Duval v Seguin (1973) 40 DLR (3d) 666; Australian: Watt v Rama [1972] VR 353; England and

Wales: Burton v Islington Health Authority, De Martell v Merton and Sutton Health Authority [1992] 3

All ER 833). The question remains whether the criminal law should be invoked as a direct means

of foetal protection (see S v Mshumpa 2008 (1) SACR 126 (E) at 48 ff).

63

That an unborn child is deemed born if doing so is in its interest: Pinchin v Santam Insurance

Co Ltd 1963 (2) SA 254 (W) at 260.

64

RAF v Mtati 2005 (6) SA 215 (SCA) at [27].

65

1963 (2) SA 254 (W).

66

That is, that an unborn child is deemed born if it is in its interests.

67

RAF v Mtati 2005 (6) SA 215 (SCA) at [33].

68

For an international comparison see esp: Duval v Seguin (1973) 40 DLR (3d) 666 (Canada);

Watt v Rama [1972] VR 353 (Australia).

69

In respect of foreseeability, the court in RAF v Mtati 2005 (6) SA 215 (SCA) at [37] quoted

with approval the decision by Fraser J, of the High Court of Ontario in Duval v Seguin (1972)

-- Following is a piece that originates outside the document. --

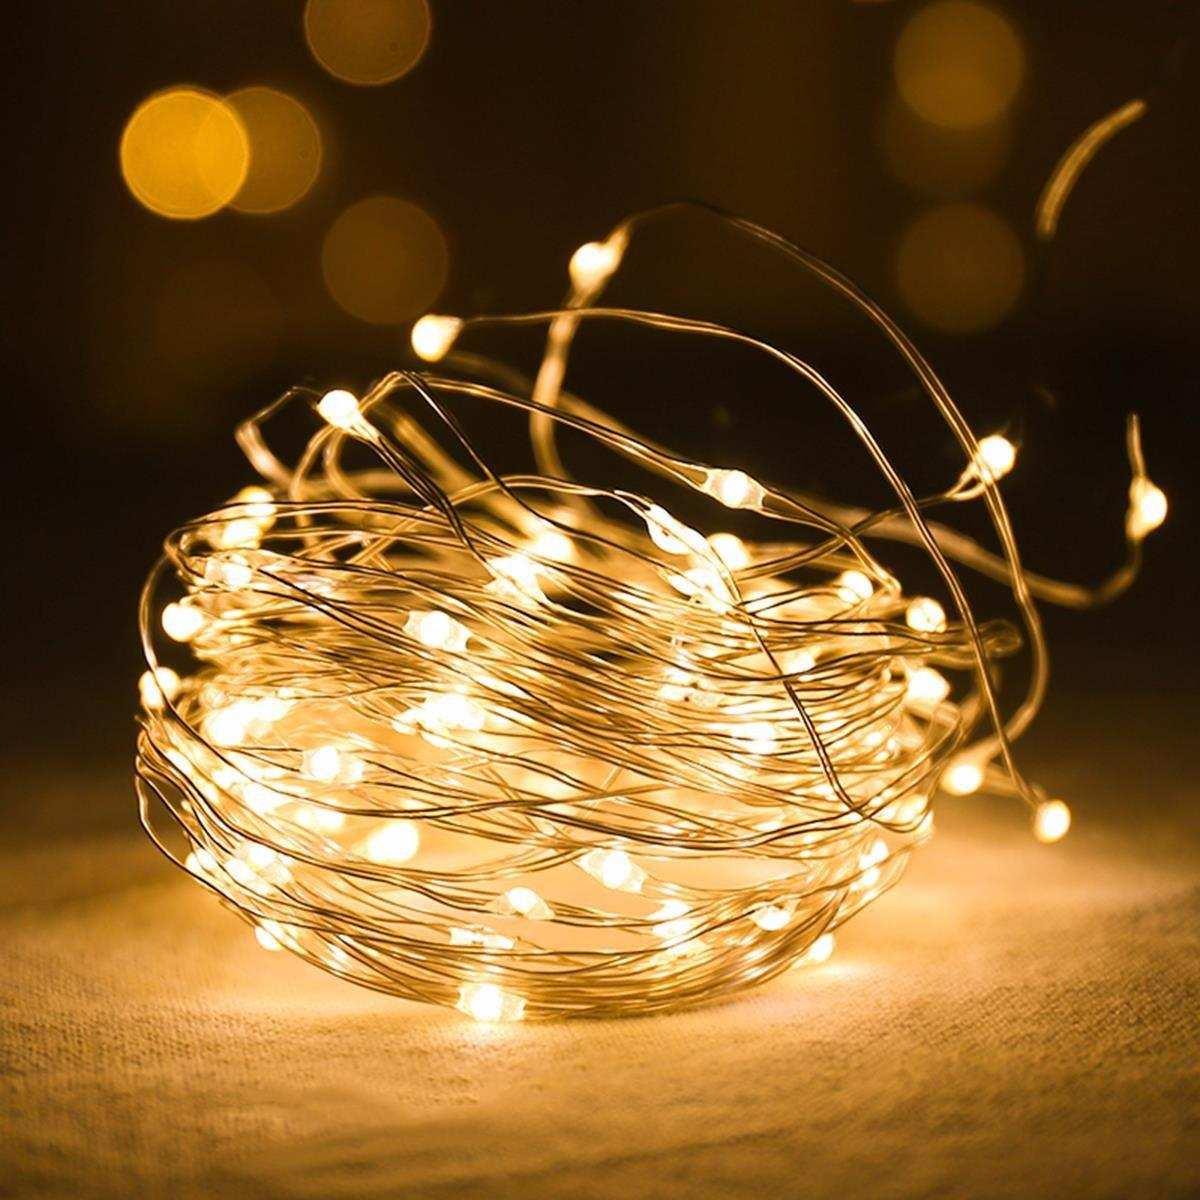 Peri Led Işık Pilli Aydınlatma Şerit Led Süsleme- (Sarı)

26 DLR (3D) 418 where it was held that: ‘[the pregnant mother] was plainly one of a class

within the area of foreseeable risk and one to whom the defendants therefore owed a duty.

Was [the unborn child] any the less so? I think not. Procreation is normal and necessary for

the preservation of the race. If a driver drives on a highway without due care for other users

it is foreseeable that some of the other users of the highway will be pregnant women and that

a child en ventre sa mere may be injured. Such a child therefore falls well within the area of

potential danger which the driver is required to foresee and take reasonable care to avoid.’